Troubleshooting Document Analysis

Configuration : Troubleshooting : Troubleshooting Document Analysis

Troubleshooting Document Analysis

Identify the Cause of the Index Crash

Unexpected Search Behavior

Below is a list of potential issues with document analysis and their solutions.

Identify the Cause of the Index Crash

Unexpected Search Behavior

Identify the Cause of the Index Crash

The following procedure describes how to identify the cause of the crash.

1. Go to the log.log file in <DATADIR>\run\indexingserver-bg0\

2. Look for ‘ERROR’.

3. You need to locate:

◦ document URI

◦ processor type

◦ method

The document URI is added to the block list file indexing_uri_blacklist.txt in <DATADIR>\gct. It is not indexed anymore.

4. Contact support for advanced analysis (file format, character strings etc.).

Example:

@@CRITICAL ERROR with "/%2Fdata%2Fcorpus%2Fdepeches%2Fvrac%2Ffr/3_2006-06-21T1226_FAP4251.txt"
in LanguageDetector_process (com.exalead.indexing.analysis.processors.cpp:622):
caught abort (signal 6) from tkill (code -6)

Key elements are:

• document URI: 3_2006-06-21T1226_FAP4251.txt

• processor type: LanguageDetector

• method: process

Unexpected Search Behavior

Search for Issues in Document Processing

Follow the steps below to identify document processor issues.

Step 1 - to Add log Information

To display detailed chunks in the log.log file, you must first add a Debug Processor element to your document processors list.

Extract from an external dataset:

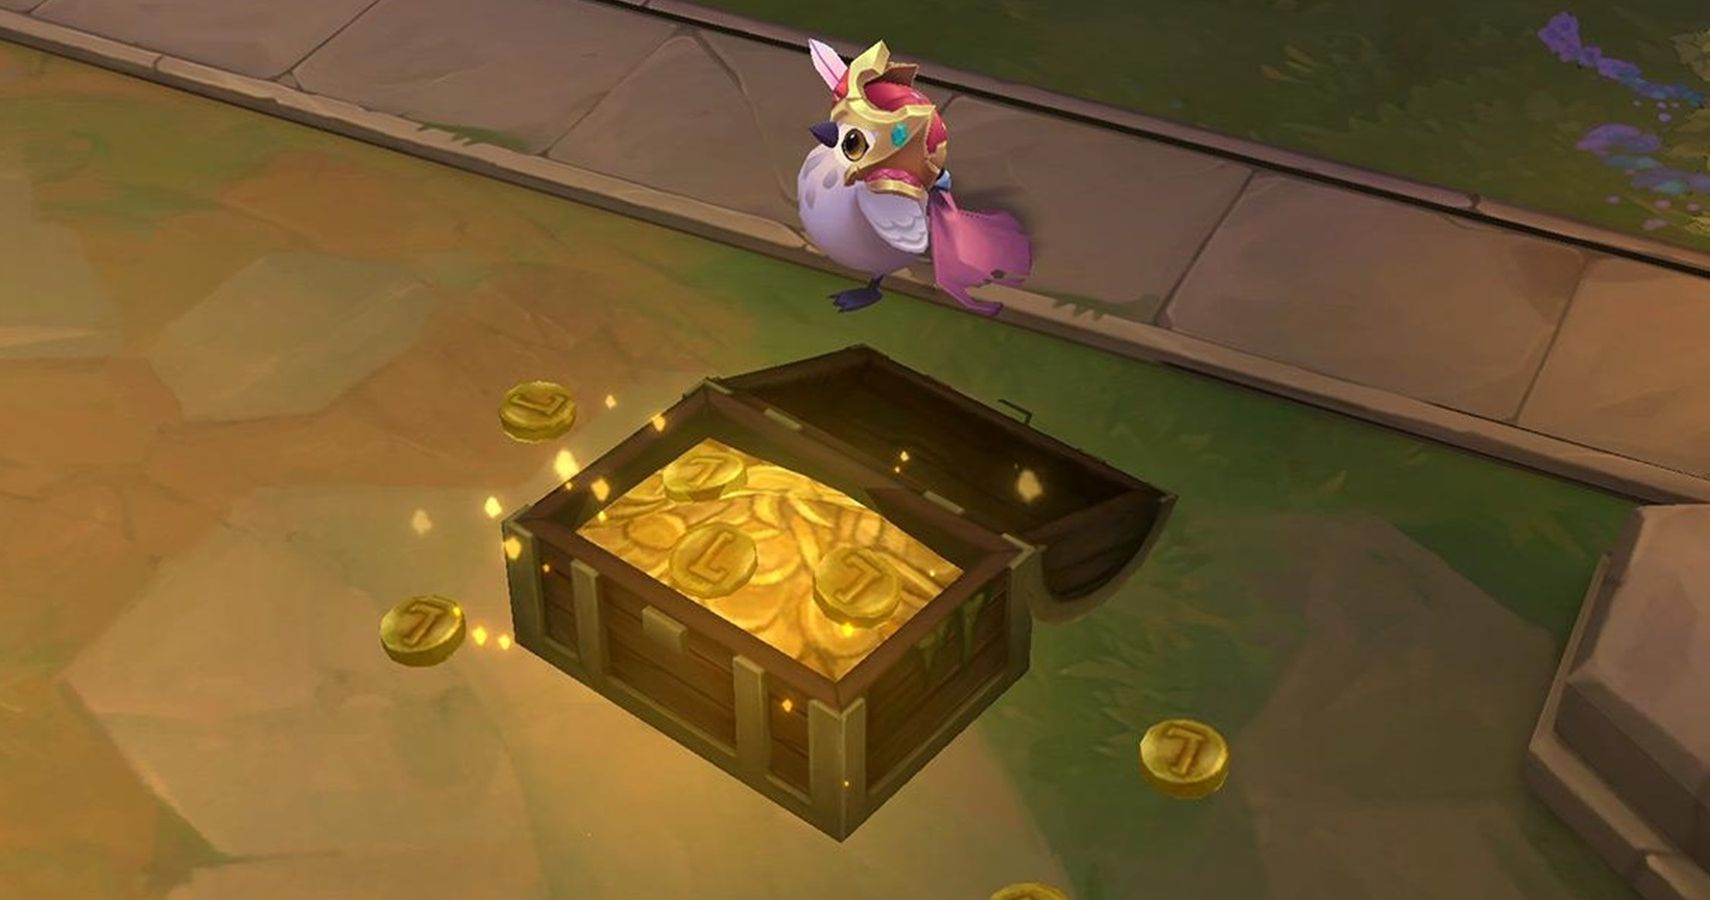 A bird character standing next to a chest of gold

1. From the Administration Console, go to Index > Data processing > Pipeline name.

2. In the Document Processors tab, click Other in the Processor types menu.

3. Drag the Debug Processor element to the end of the processors list.

Example: <Debug> tags are displayed:

[2013/09/23-09:54:11.584] [info] [AnalyzerThread-bg0-default_model-1] [analysis.debug] uri:
C:\Users\E7G\Downloads\traffic.csv8 source: RATP did: 57 slice: 0: DebugProcessor: dumping
C:\Users\E7G\Downloads\traffic.csv8DebugProcessor: dumping C:\Users\E7G\Downloads\traffic.csv8:
<DebugChunk type="TextChunk" ctx="ville" deleted="false" part="null" value="Paris" score=0 language="xx">
</DebugChunk>
<DebugChunk type="TextChunk" ctx="arrondissement" deleted="false" part="null" value="1" score=0
language="xx"> </DebugChunk>
<DebugChunk type="TextChunk" ctx="source" deleted="false" part="null" value="RATP" score=0 language="xx">
</DebugChunk>

Step 2 - to Submit Document Using cvdebug

1. Submit your document to test processors in your pipeline:

cvconsole cvdebug> analysis analyze path=<PATH_TO_DOCUMENT>

For example, submit a .CSV file.

cvconsole cvdebug> analysis analyze path=/tests/myfile.csv

The output is a mapping of contexts and chunk values.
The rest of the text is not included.